In interviews with PC Gamer and Joystiq, lead developer Jon Mavor explained that the scale and pacing of Planetary Annihilation varies greatly. Matches can be as short as 30-minute skirmishes between two players or extend into long battles spanning multiple worlds with many participants. Although the team aimed to support 40-player matches, this feature was not available at launch.

The game is set across procedurally generated planetary systems containing planets, moons, asteroids and gas giants. Each celestial body has different terrain, biomes and resource distribution. Players can establish control over multiple worlds, defend their holdings or use asteroids and moons as weapons by moving them into enemy planets. Entire planets can also be destroyed through special structures, and matches often involve managing multiple fronts across several worlds.
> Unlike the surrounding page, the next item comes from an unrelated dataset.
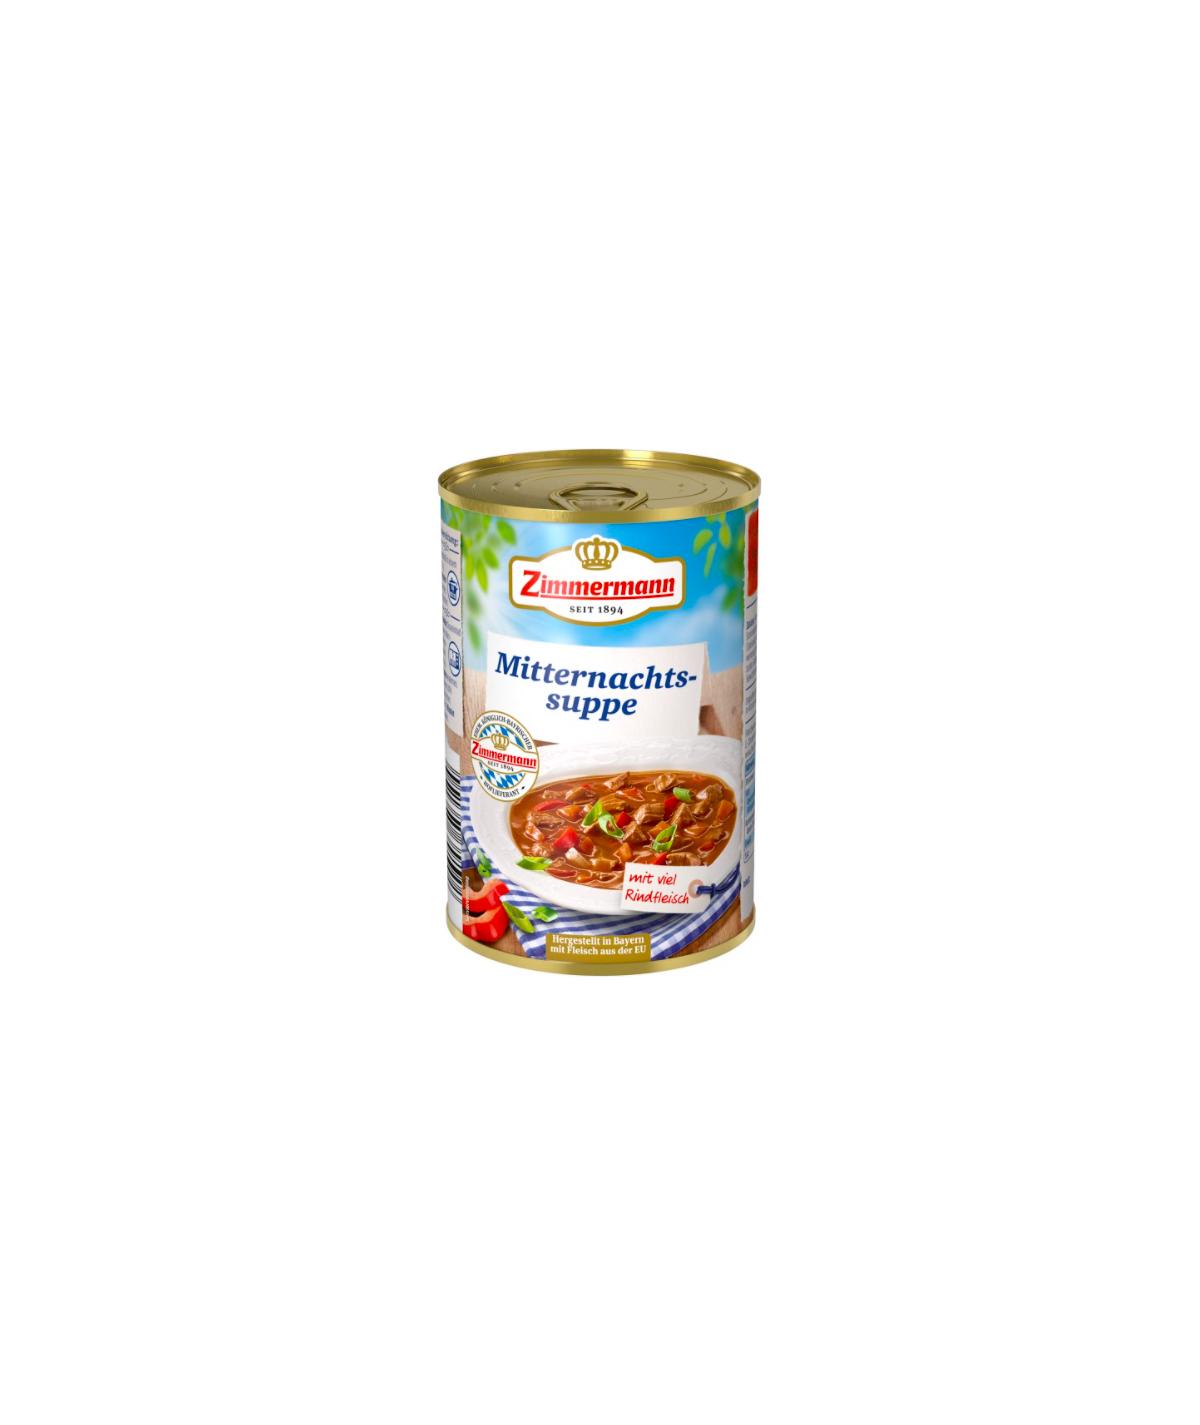 Mitternachts-Suppe - 400g

Gameplay focuses on building an economy, expanding territory and producing units. Each match begins with a Commander unit that can construct Tier 1 economic and military structures. Players use these starting facilities to generate resources and fabricate units and factories that unlock further construction options.
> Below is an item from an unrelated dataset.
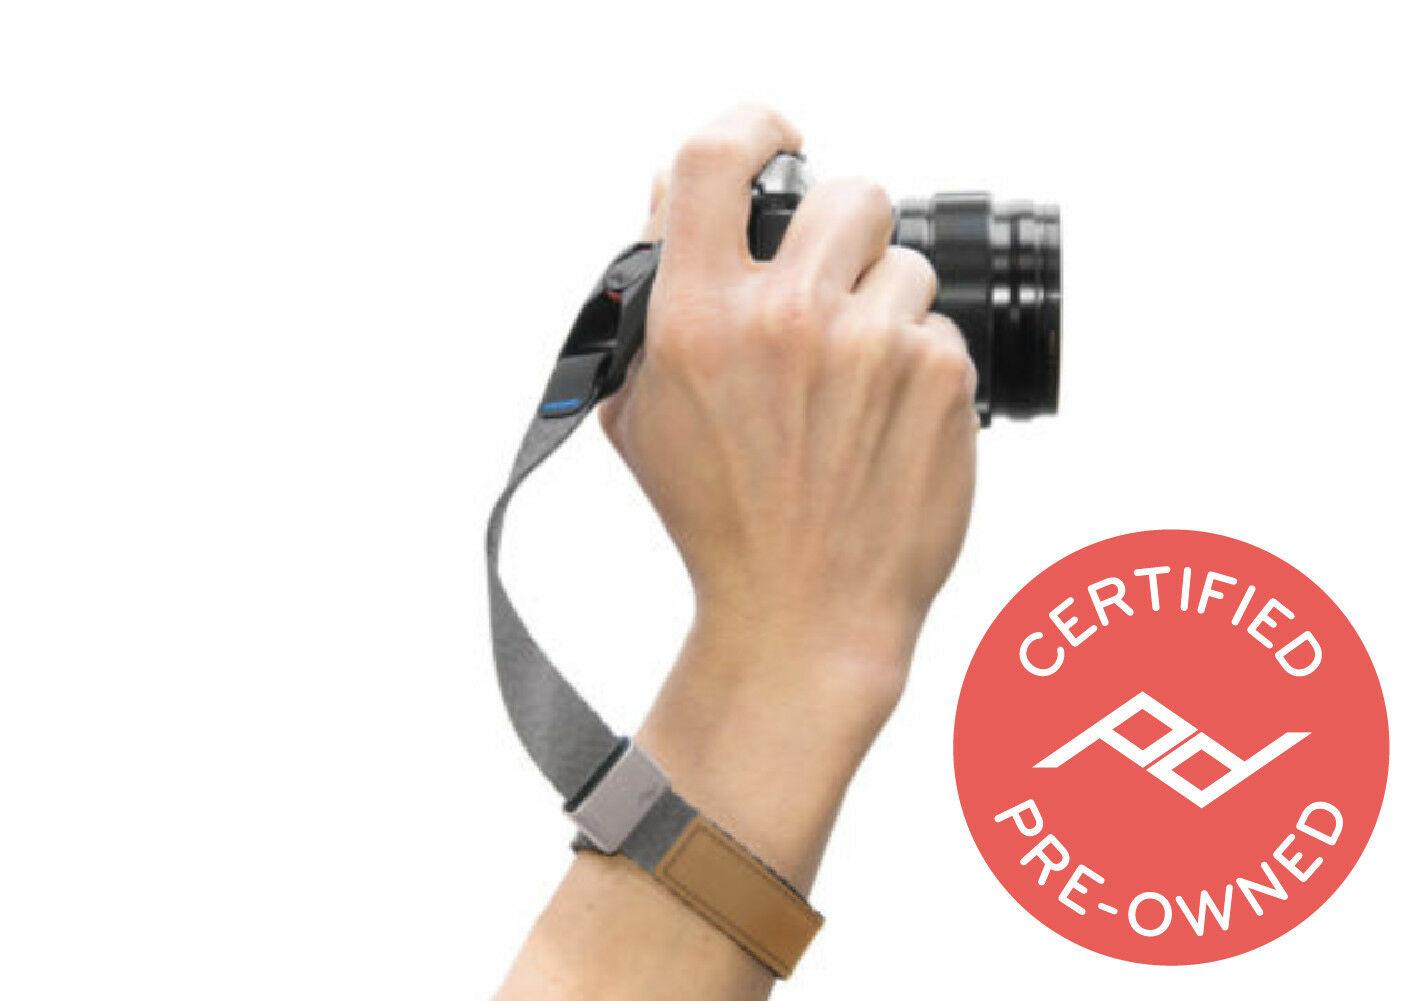 Peak Design Camera Cuff/Wrist Strap V3 (Ash) - PD Certified Preowned/Refurbished $20.95

The game’s unit and structure categories include:
- Factories: Tier 1 and Tier 2 factories produce land vehicles, bots, aircraft, naval vessels and orbital units.
- Construction units: Fabrication bots, vehicles, aircraft, ships and orbital units build new structures, reclaim wreckage and assist with production. Advanced versions can construct Tier 2 structures.
- Economy: Resource production is handled through metal extractors and energy plants, with Tier 2 equivalents providing greater output. Other economy-related structures include energy and metal storage buildings, solar arrays and gas giant resource platforms.
- Defensive structures: Defensive options range from walls and mines to laser turrets, torpedo launchers, anti-air cannons, orbital defense weapons, artillery and anti-nuke installations. Tier 2 versions generally cover larger areas or deal more damage than Tier 1.
- Combat units: Vehicles include tanks, artillery and assault units; bots range from fast raiders to mobile artillery and long-range missile platforms. Aircraft perform roles such as reconnaissance, bombing and troop transport. Naval units operate on water-heavy planets and include destroyers, battleships, submarines and carriers. Orbital units and satellites support interplanetary reconnaissance, transportation and attacks.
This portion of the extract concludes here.